Annabelle looked for a moment as if her knees would give out, and Jody started to get up to go to her, but then her grandmother gripped the sink and straightened into her usual good posture. “No, that’s not a good idea. Sweetheart, it just can’t be a good idea. There’s so much, too much-”
Chase was visiting, and he picked that moment to walk into the kitchen.
“What’s not a good idea?”
“Collin Crosby,” her grandmother said in a stunned voice.
“And me,” Jody finished for her.
Chase got very still for a moment, still enough to remind Jody of how Aunt Belle had been when she saw the silver horse. Her heart pounded as she waited to see what harsh judgment he would make on this dramatic announcement of hers.
“Have you been seeing him?”
“Yes.”
“When?”
“Every chance we get, Uncle Chase.”
“Where?”
“Any place we can find.”
“Those weekend trips you take to see friends…?”
“Right. Those.”
He stared at her without speaking for a long moment. “When did this start?”

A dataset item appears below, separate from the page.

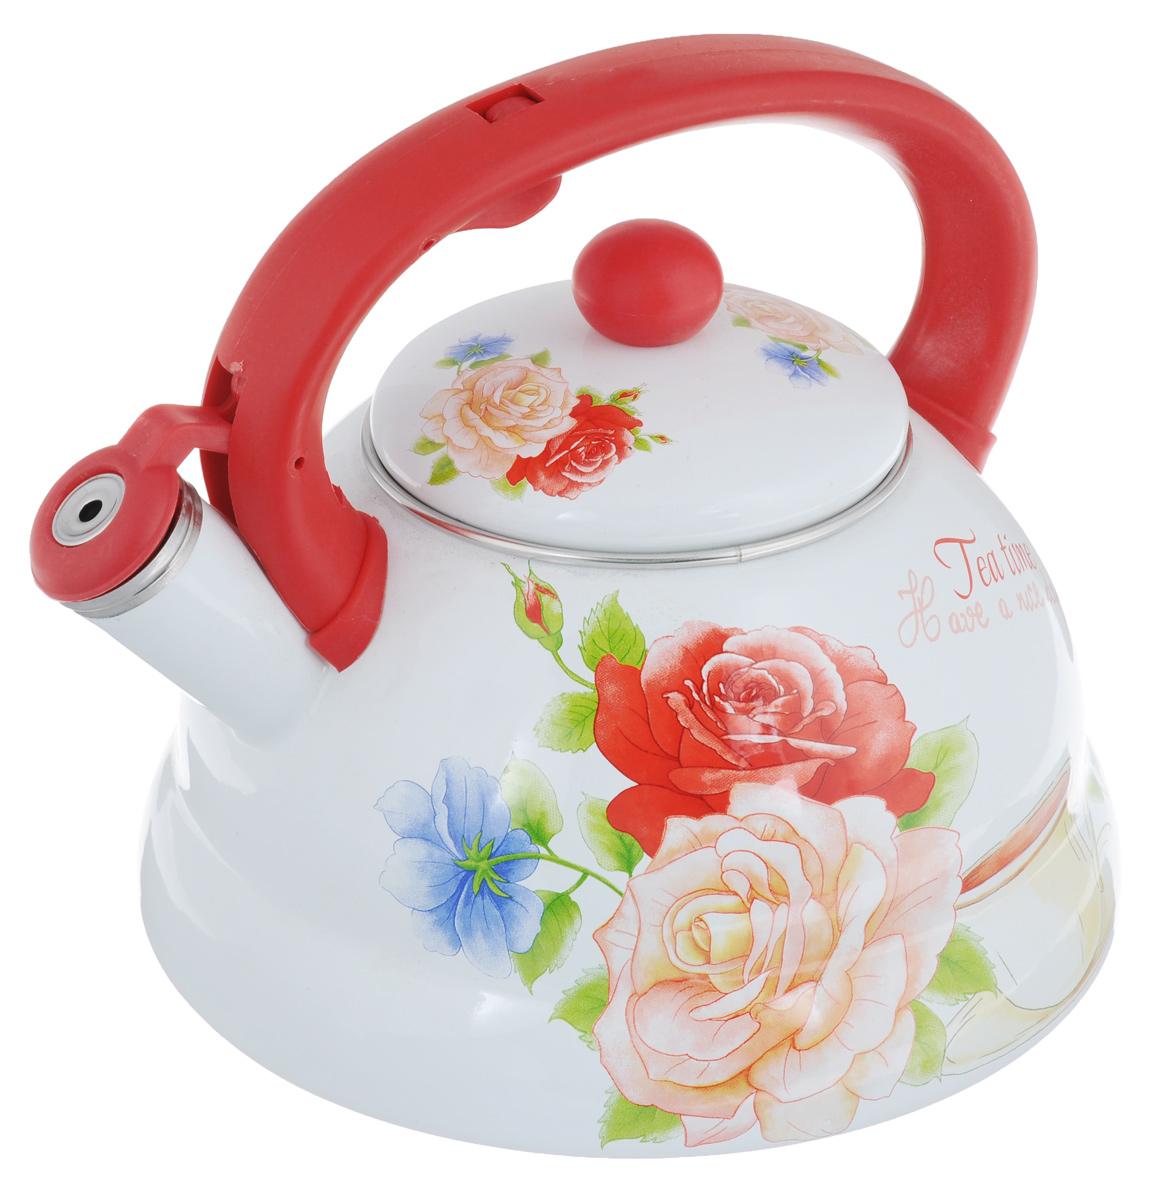 Чайник эмалированный Mayer & Boch Розы, со свистком, 3 л23083Чайник Mayer & Boch Розы выполнен из высококачественной углеродистой стали. Капсулированное дно с прослойкой из алюминия обеспечивает наилучшее распределение тепла. Носик чайника оснащен насадкой-свистком, что позволит вам контролировать процесс подогрева или кипячения воды. Фиксированная бакелитовая ручка дает дополнительное удобство при разлитии напитка. Поверхность чайника гладкая, что облегчает уход за ним.Эстетичный и функциональный, с эксклюзивным дизайном, чайник будет оригинально смотреться в любом интерьере. Подходит для всех типов плит, включая индукционные. Можно мыть в посудомоечной машине.Высота чайника (без учета ручки и крышки): 12 см. Высота чайника (с учетом ручки и крышки): 20 см Диаметр чайника (по верхнему краю): 12 см.

“When we were children, I think. We’ve always felt drawn to each other.” Jody looked at her uncle and then at her grandmother. They didn’t know how she and Collin talked and talked and talked, examining their strangely intertwined lives from both of their points of view, seeking and finding understanding in each other that they’d never found in anybody else. She took a deep breath. “He’s the happiness that follows all the sadness. I never used to think that was possible for me-or for anybody, not really-and I know it’s still no fairy tale. I know bad things will come into our lives, as they do in everybody else’s life, but-” She was near tears, wanting so much to convince them. “In the tough times, it’s his hand I want to hold. I have to tell you one of the reasons he worked so hard to get his father out of prison. Yes, it was for the principle of justice. Yes, it was because he knew Billy didn’t do it. Yes, it was for his mother. But he also did it because he believed it was the only way to force a new investigation. And the real reason Collin wanted a new investigation was because he thought that otherwise I’d never know what happened to my mother.”
When she saw them frowning as if they didn’t quite understand what she was saying, Jody took another deep breath as if she were on a horse and lining up to jump a final fence.